Segment Open

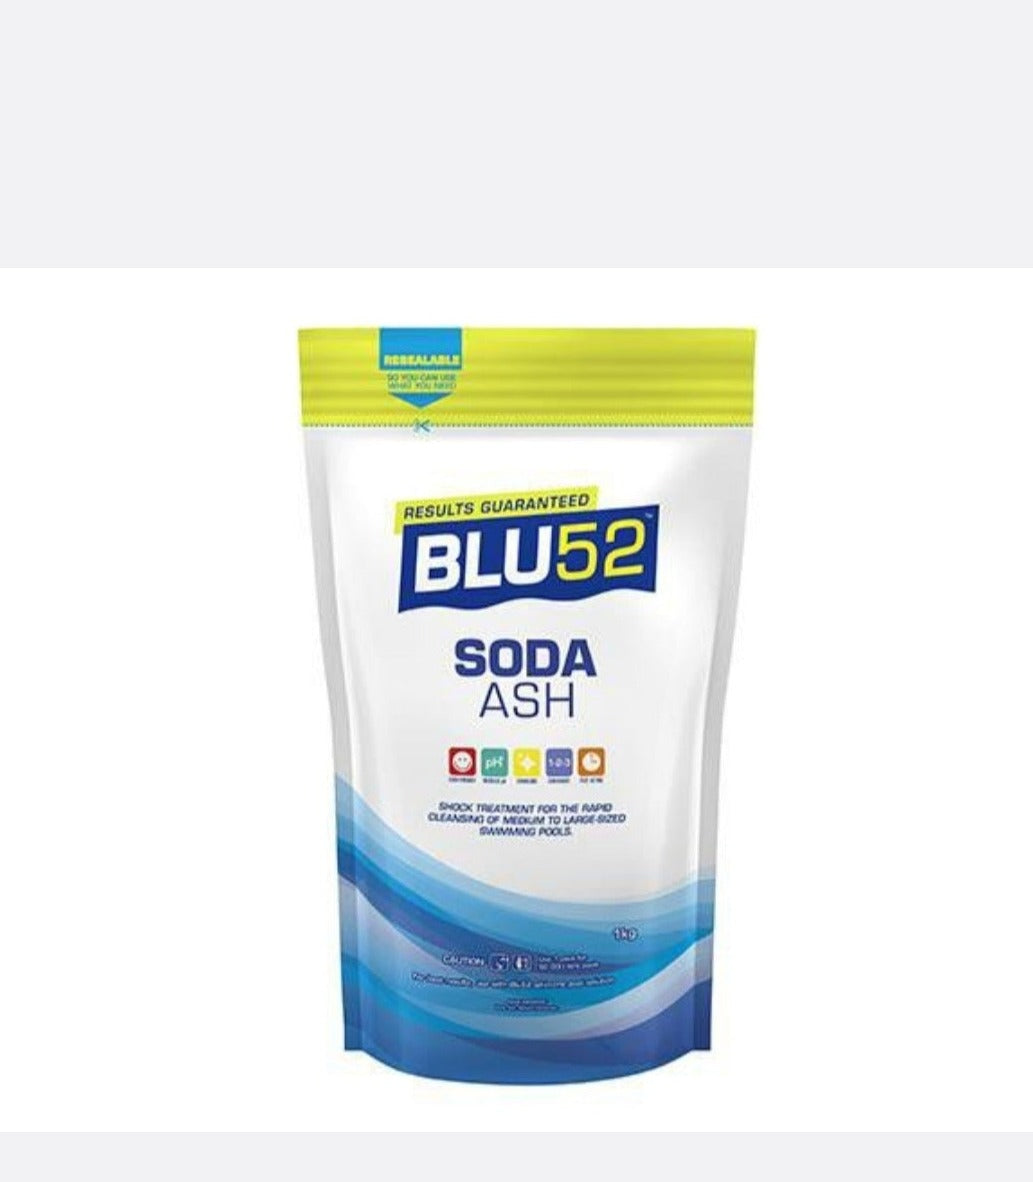 Blu52 Soda Ash
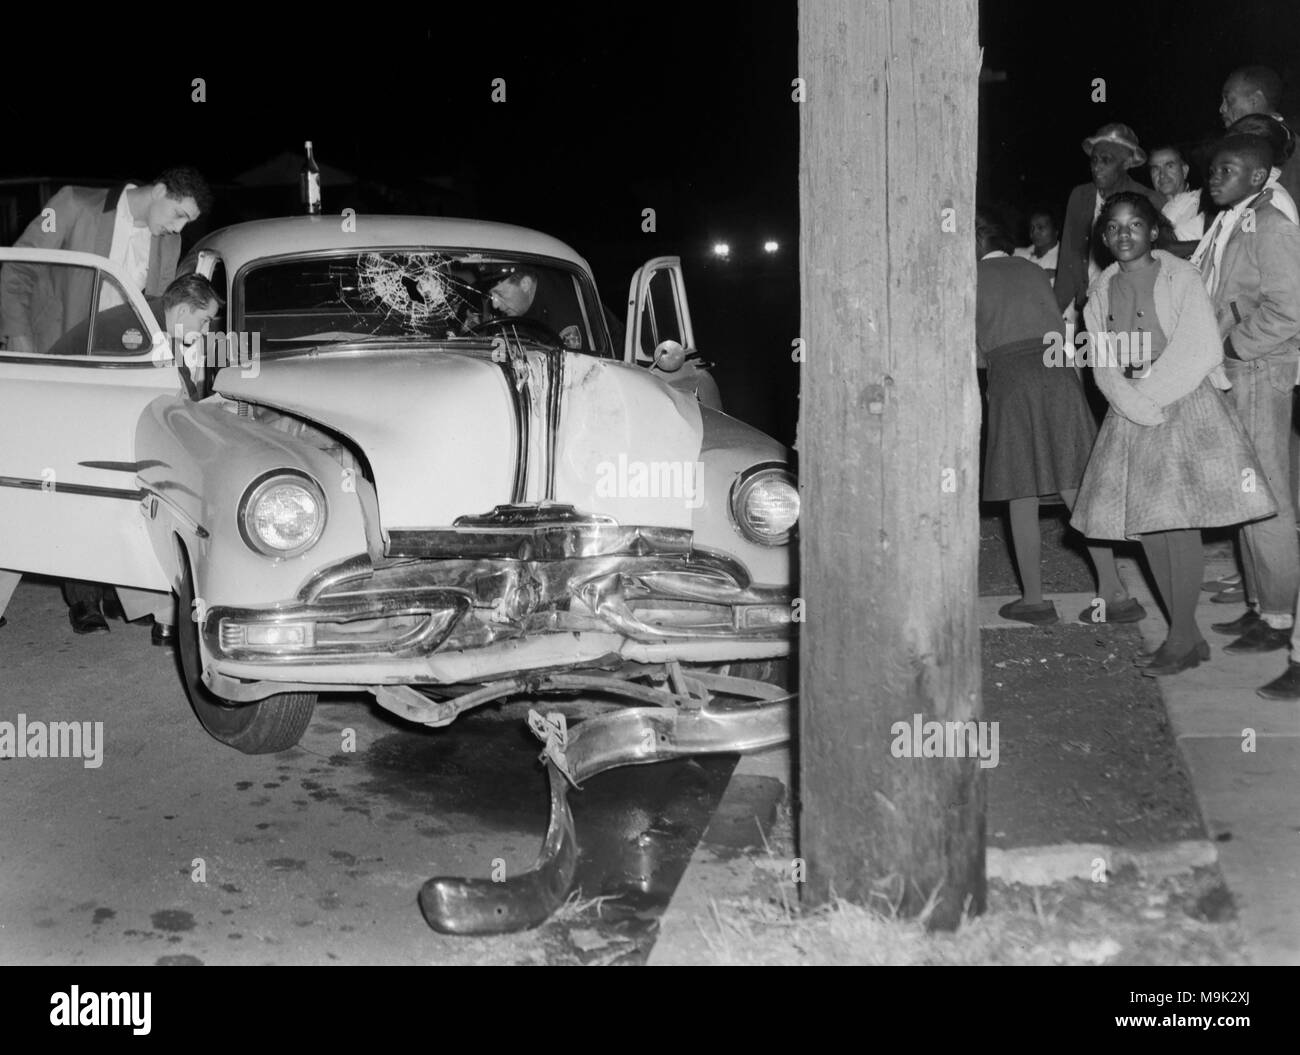 Mit Schaulustigen beobachten, ein Fahrer von einem abgestürzten Auto in Oakland, Kalifornien extrahieren, Ca. 1961. Eine Bierflasche sitzt auf dem Dach des Autos thront. Stockfoto
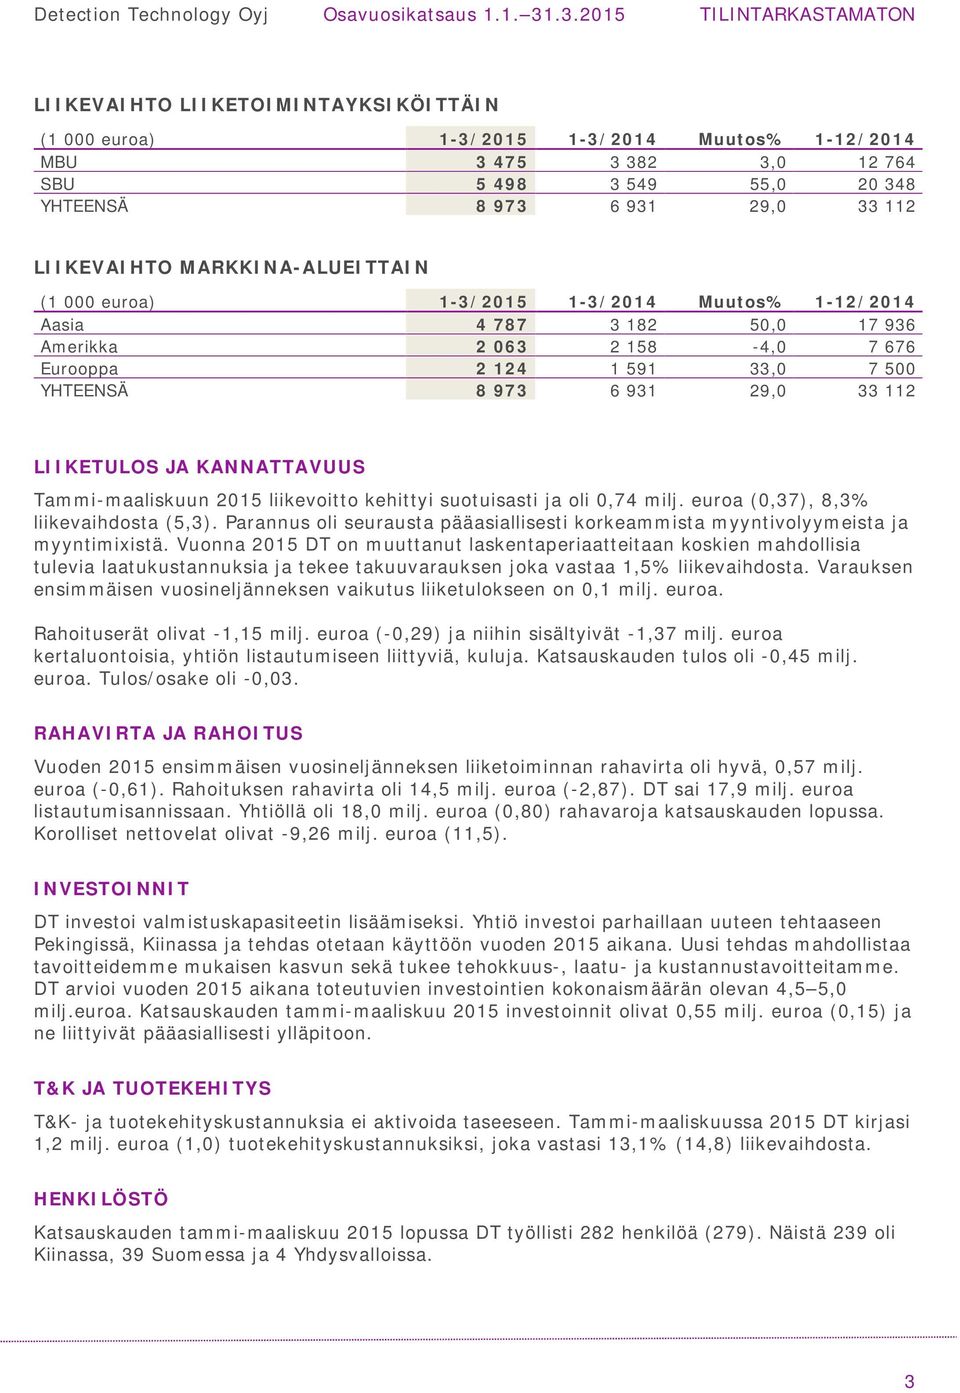 LIIKETULOS JA KANNATTAVUUS Tammi-maaliskuun 2015 liikevoitto kehittyi suotuisasti ja oli 0,74 milj. euroa (0,37), 8,3% liikevaihdosta (5,3).

Segment Closed

Task instructions: Transcribe the whole listing above exactly and leave out the pictures.

Answer to this problem:
 Blu52 Soda Ash
 Mit Schaulustigen beobachten, ein Fahrer von einem abgestürzten Auto in Oakland, Kalifornien extrahieren, Ca. 1961. Eine Bierflasche sitzt auf dem Dach des Autos thront. Stockfoto
 LIIKETULOS JA KANNATTAVUUS Tammi-maaliskuun 2015 liikevoitto kehittyi suotuisasti ja oli 0,74 milj. euroa (0,37), 8,3% liikevaihdosta (5,3).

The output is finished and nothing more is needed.